(Dataset records)

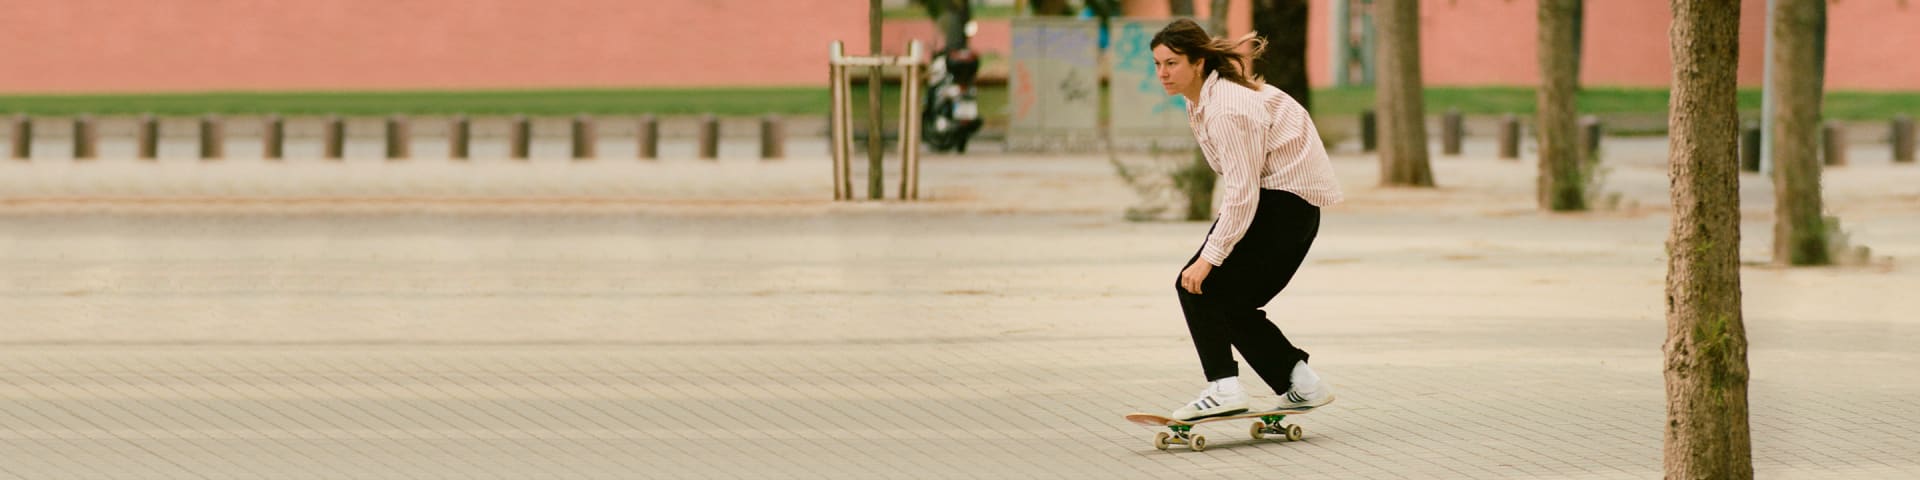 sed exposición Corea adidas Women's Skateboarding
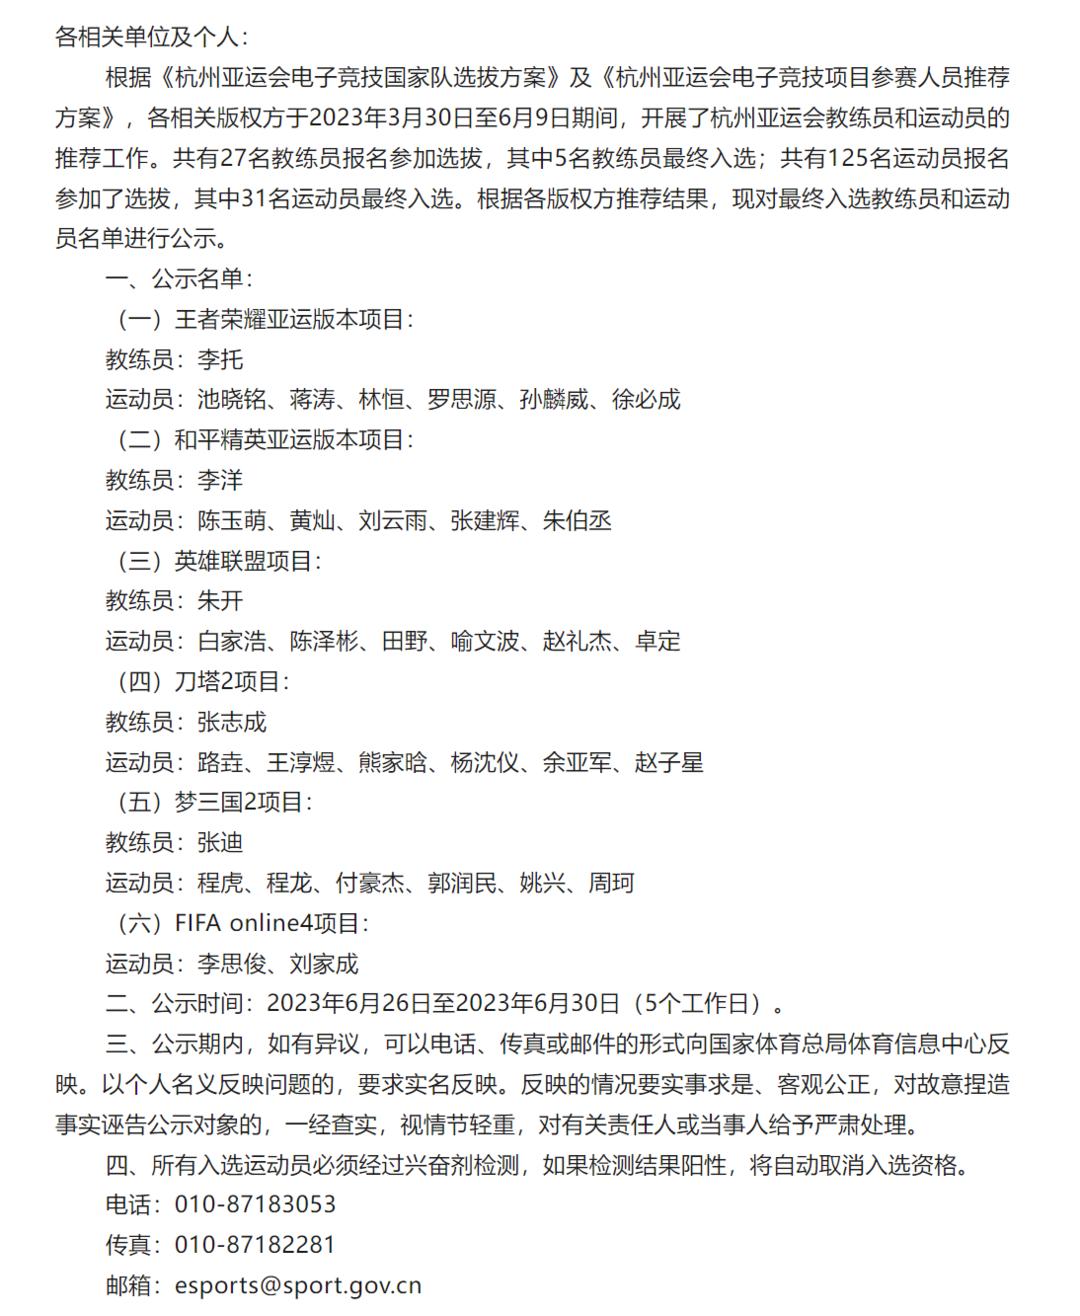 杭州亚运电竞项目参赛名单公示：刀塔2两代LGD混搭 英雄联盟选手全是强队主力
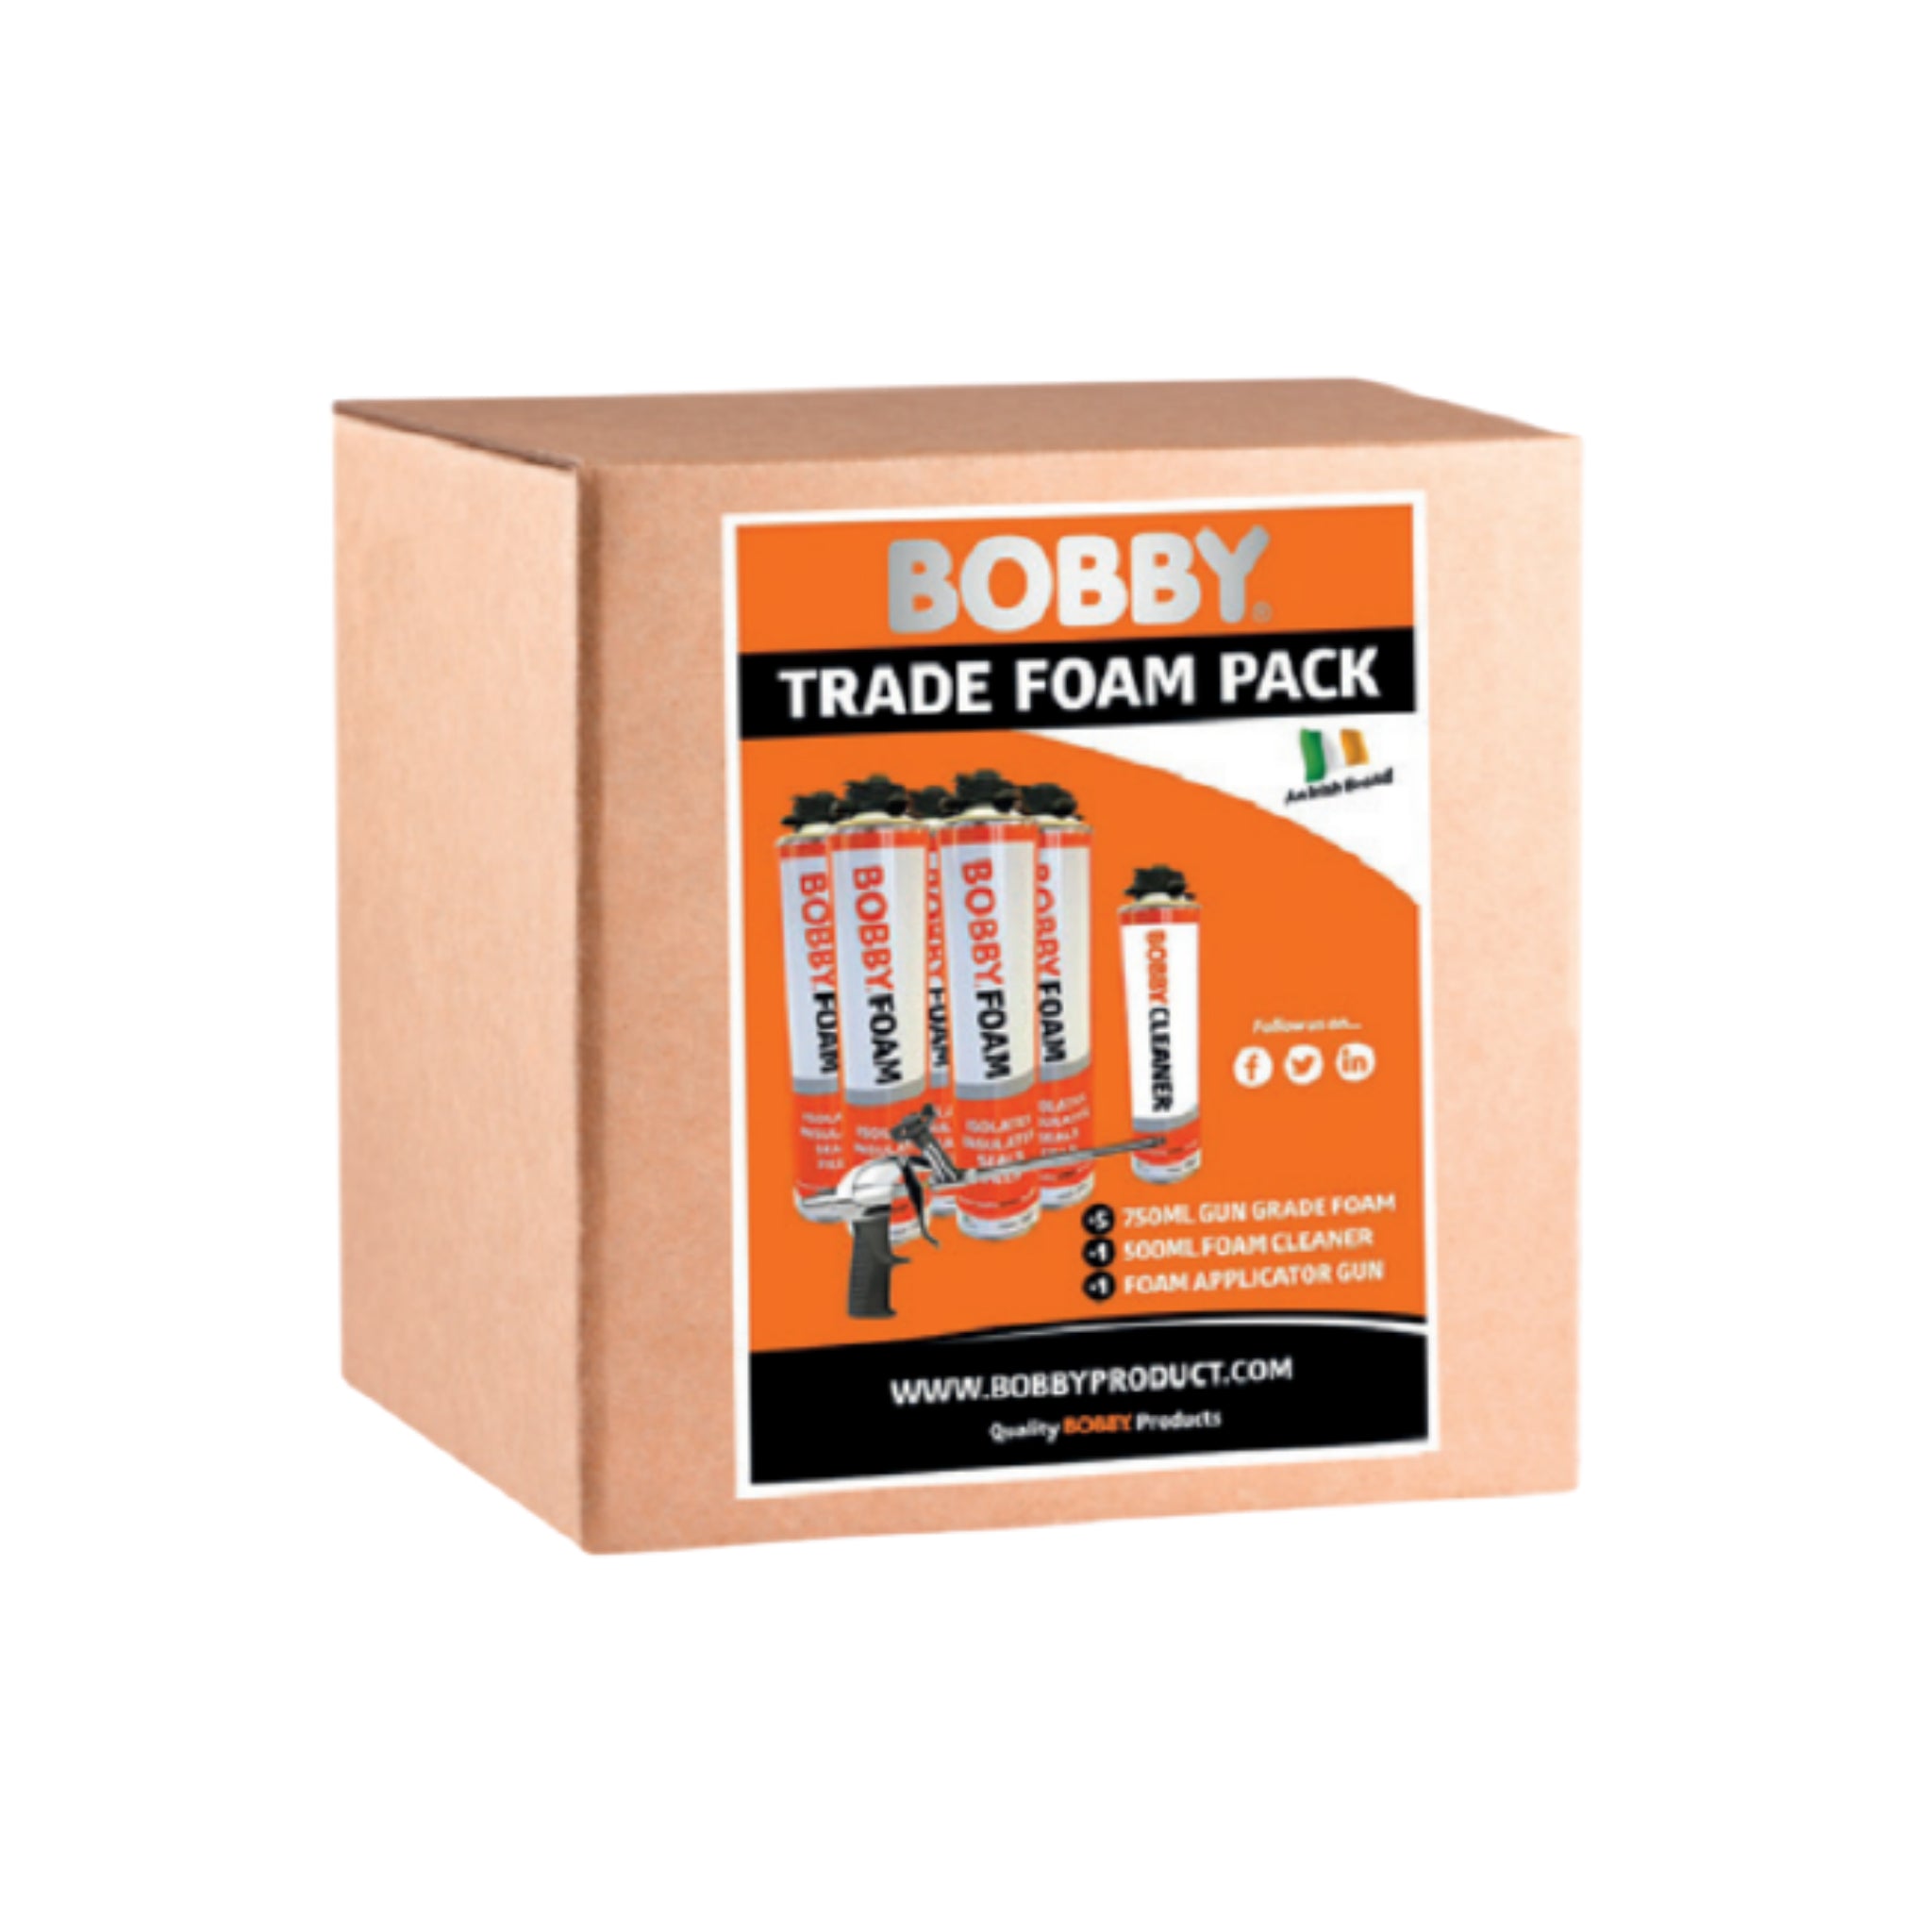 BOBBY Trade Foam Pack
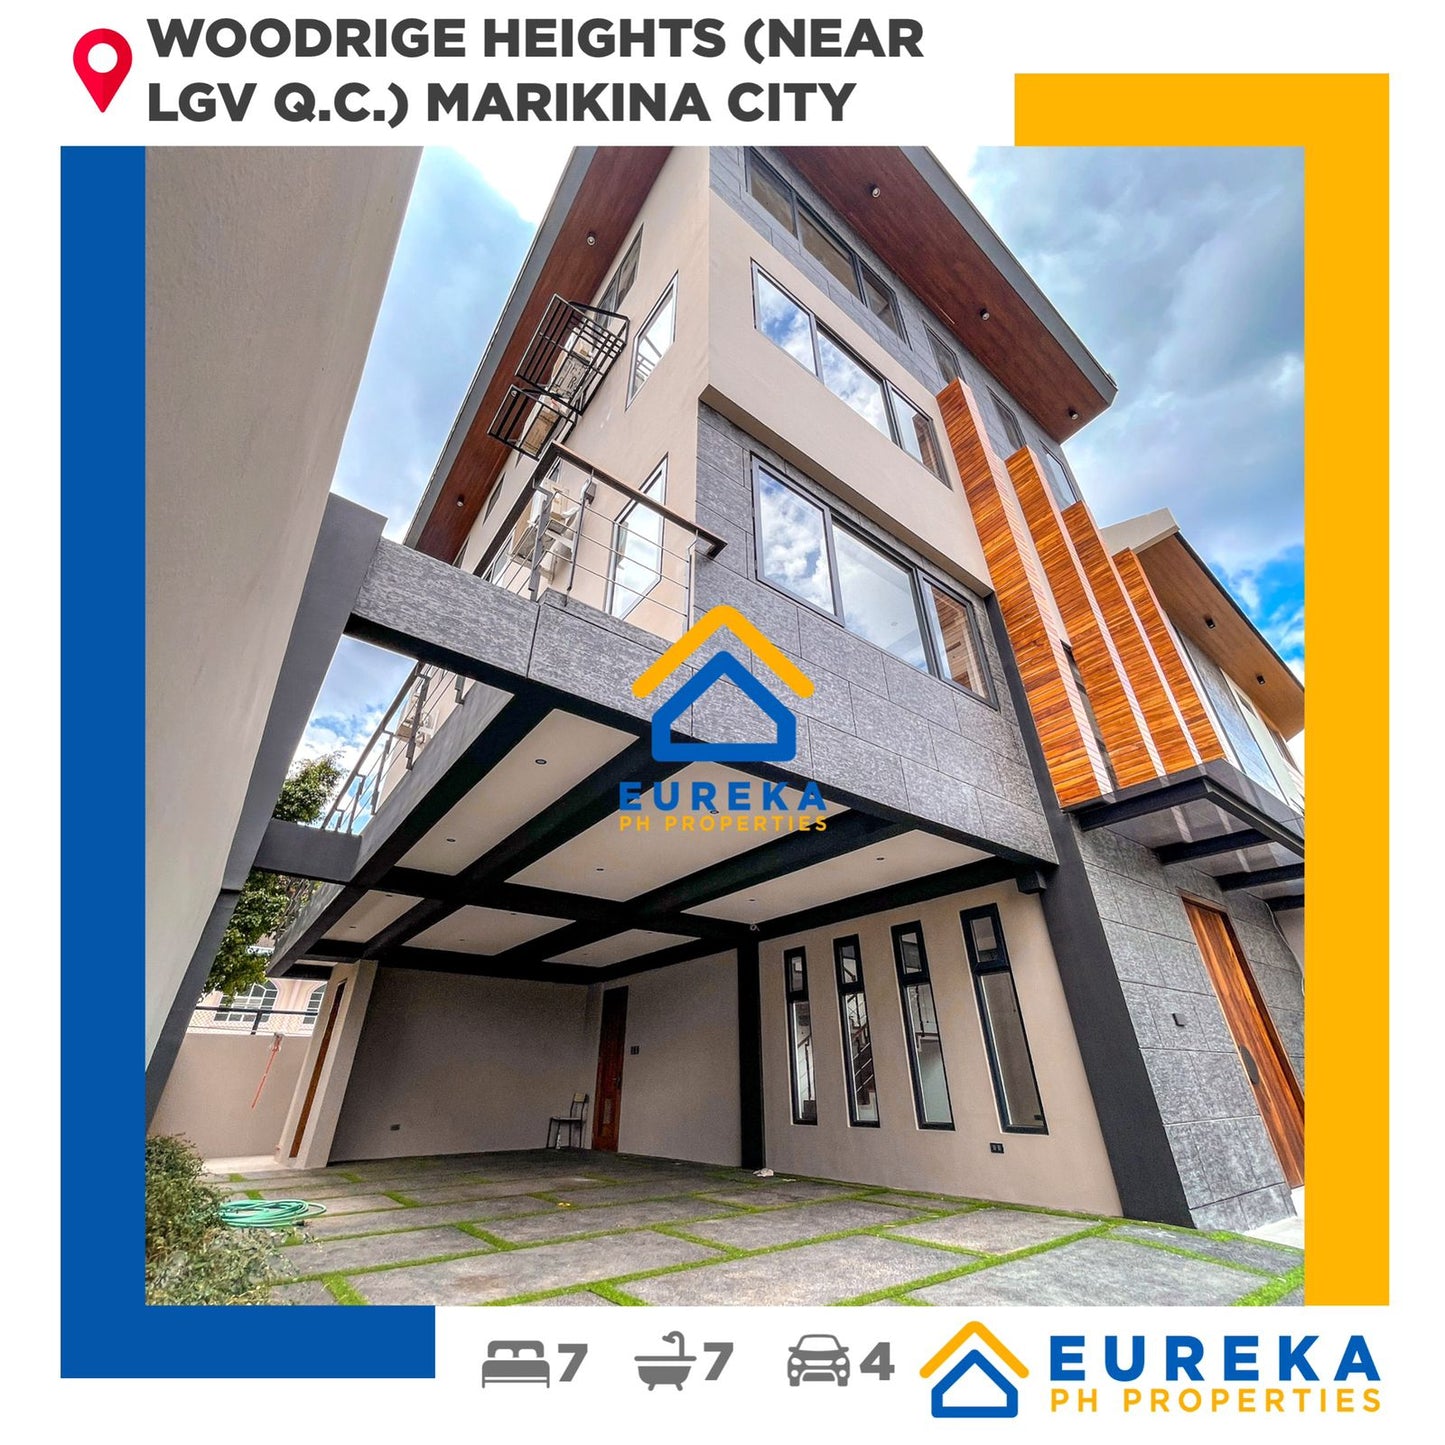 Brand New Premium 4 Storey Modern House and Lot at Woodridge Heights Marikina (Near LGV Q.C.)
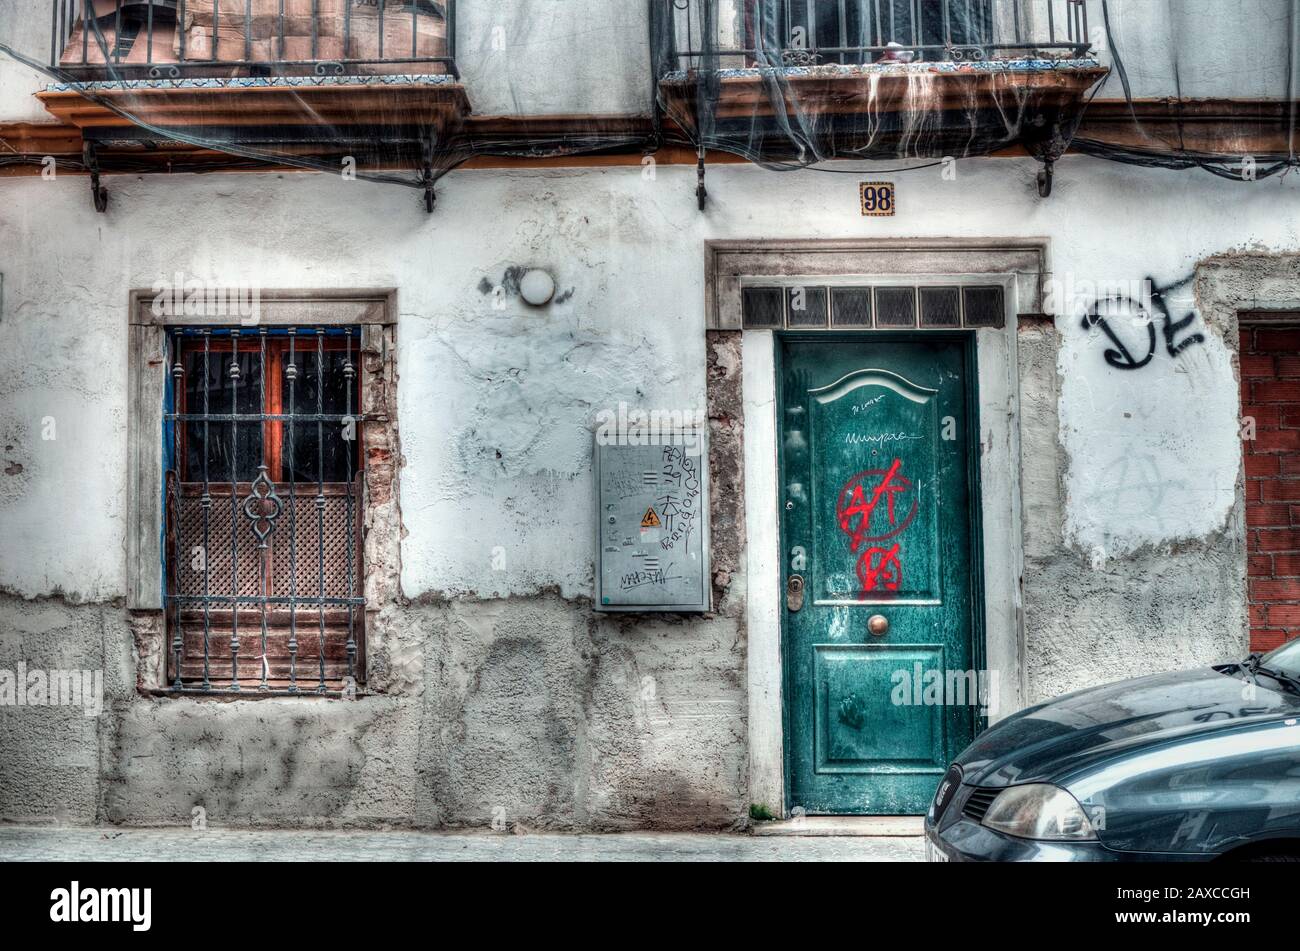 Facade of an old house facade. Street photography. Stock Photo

→ About this exercise: Above are the records; copy every one of them exactly and omit the images.

→ Answer to this problem:
 sed exposición Corea adidas Women's Skateboarding
 杭州亚运电竞项目参赛名单公示：刀塔2两代LGD混搭 英雄联盟选手全是强队主力
 BOBBY Trade Foam Pack
 Brand New Premium 4 Storey Modern House and Lot at Woodridge Heights Marikina (Near LGV Q.C.)
 Facade of an old house facade. Street photography. Stock Photo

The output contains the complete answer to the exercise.